Smith ran 39 yards for a touchdown on the first play of the fourth quarter to make it 24-21. Missouri would get the ball back a few plays later when James Kinney sacked Jammal Lord and forced a fumble that was scooped up and returned to the Husker nine-yard line by Dedrick Harrington. But three plays lost five yards and left Mizzou in fourth and goal from the 14-yard line with a game-tying field goal as the only option.

Except it wasn't the only option for Pinkel. He called for a fake. Holder and backup quarterback Sonny Riccio took the snap, stood up, rolled right and lofted the biggest pass of his Tiger career into the hands of Victor Sesay for a touchdown that gave Mizzou a 28-24 lead. Missouri would get two stops and two touchdown runs from Smith to close out a 41-24 win and set off the biggest celebration in a generation for Tiger fans.

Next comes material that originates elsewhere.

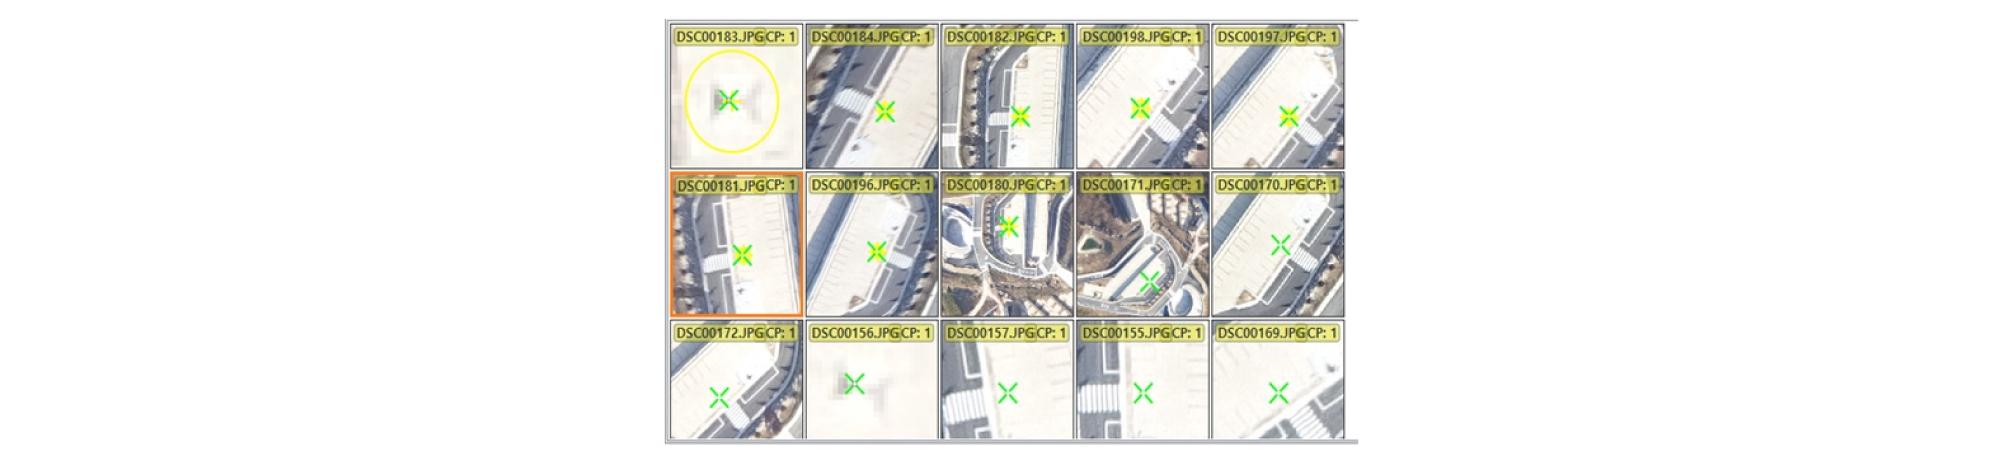 http://static.apub.kr/journalsite/sites/kgss/2020-019-03/N0150190301/images/kgss_19_03_01_F6.jpg

1) Missouri 36, Kansas 28, Nov. 24, 2007

There was no mystery here. The biggest game in program history (at least for a week) was and remains the biggest win in program history. Missouri entered the week 10-1 and ranked fourth in the country. Kansas was 11-0 and ranked No. 2. The winner would be in line to play Oklahoma in the Big 12 Championship two weeks later with a spot in the national title game on the line.

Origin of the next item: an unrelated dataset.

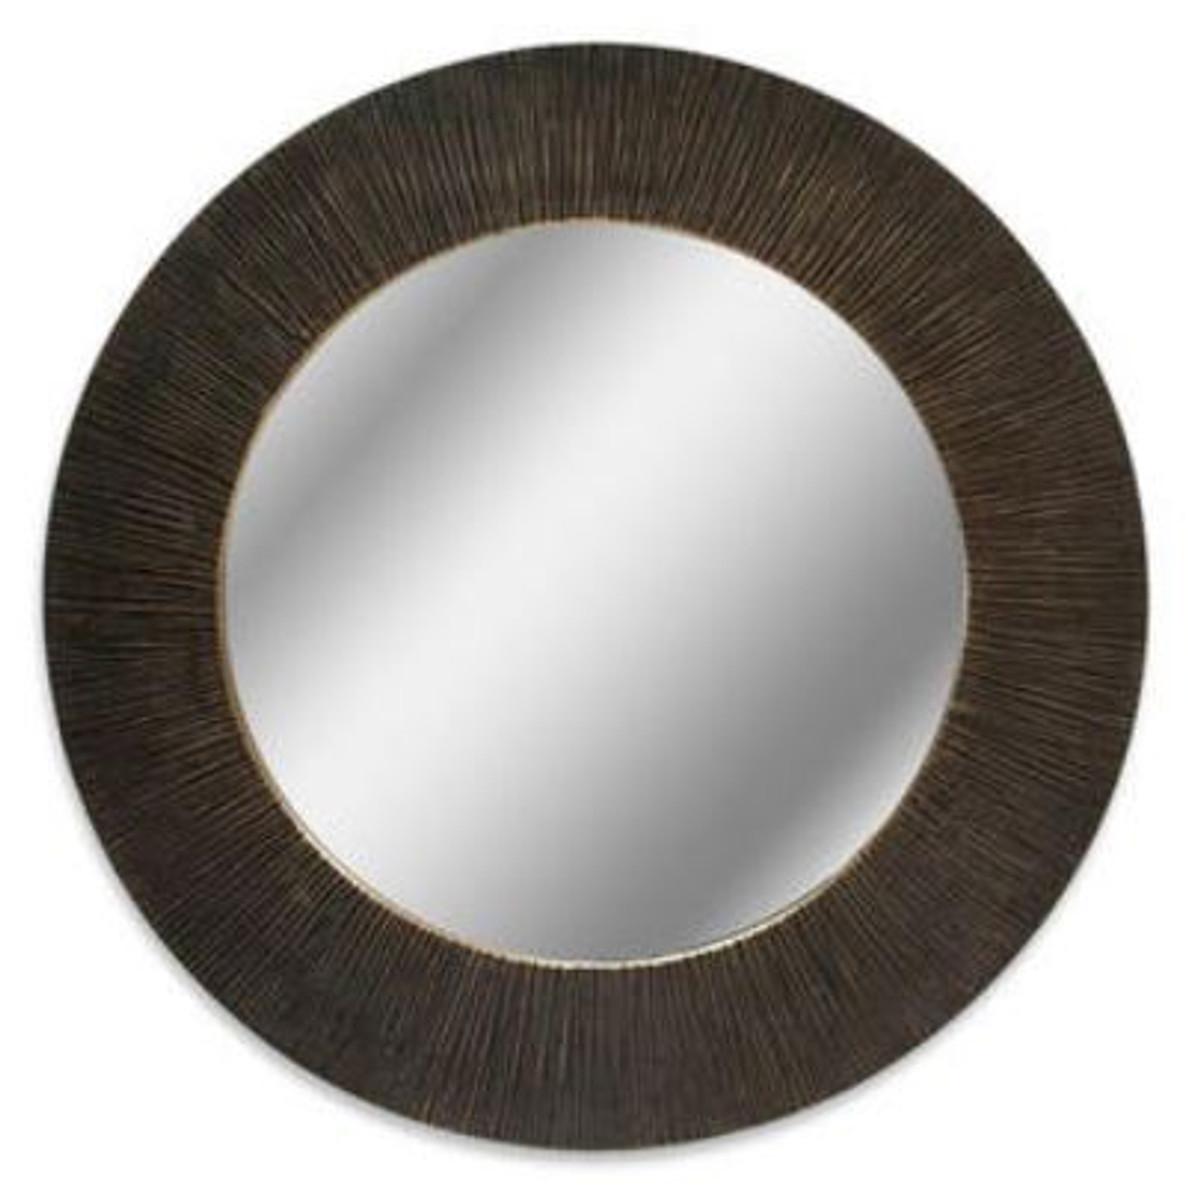 Casa Padrino Luxus Spiegel Schwarz / Bronze Ø 74 cm - Luxus Aluminium Wandspiegel  1

Missouri raced out to a 21-0 lead early in the third quarter behind two Chase Daniel touchdown passes and a scoring run from Jimmy Jackson. The teams then traded touchdowns leaving Mizzou up 28-7 and just 15 minutes away from the first conference championship game appearance in school history.

That's when the Jayhwks finally made things a little bit interesting. KU would score touchdowns on its next three possessions while holding Missouri to field goals to close the gap to 34-28 with 2:03 to go. But Tommy Saunders covered an onside kick attempt and Missouri was able to run all but 17 seconds off the clock. Kansas got it back with one last gasp needing a miracle to win the game. The prayer went unanswered as Lorenzo Williams led a charge of Tigers to sack Todd Reesing for a safety with 12 seconds left that provided the final points in the 36-28 win.

Chase Daniel posted the signature performance of his Heisman finalist season going 40-for-49 for 361 yards and three touchdowns in likely the best big game performance in school history. Danario Alexander had 117 yards receiving and Tony Temple provided balance with 98 on the ground as Missouri laid claim to the division title. The Tigers would enter the Big 12 Championship as the No. 1 team in America, but would fall to Oklahoma and head to the Cotton Bowl to end their season with a 12th win.

Other games of note

I covered the kicked ball game as a student in 1997 (was actually standing right behind the north end zone watching the kick and catch unfold). I also saw Devin West run for a school record 319 yards against Kansas in 1998 and ended that season with the Tigers at the Insight Bowl against West Virginia, the program's first bowl victory since the 1981 Tangerine Bowl. A loss to Michael Bishop and Kansas State in that same season was also one of the better ones I've ever seen in person.

Since returning in 2003, other games I considered but didn't include were a 41-40 overtime win over Middle Tennessee that Pinkel often referenced as a turning point for his program, the Moe Miracle against San Diego State in 2010, the wins over Nebraska and Illinois in 2007 and Maty Mauk's debut as a starter against Florida in 2013. There was also the 2005 Independence Bowl comeback against South Carolina, but I did not cover that game in person. Ultimately I went with the ten listed above.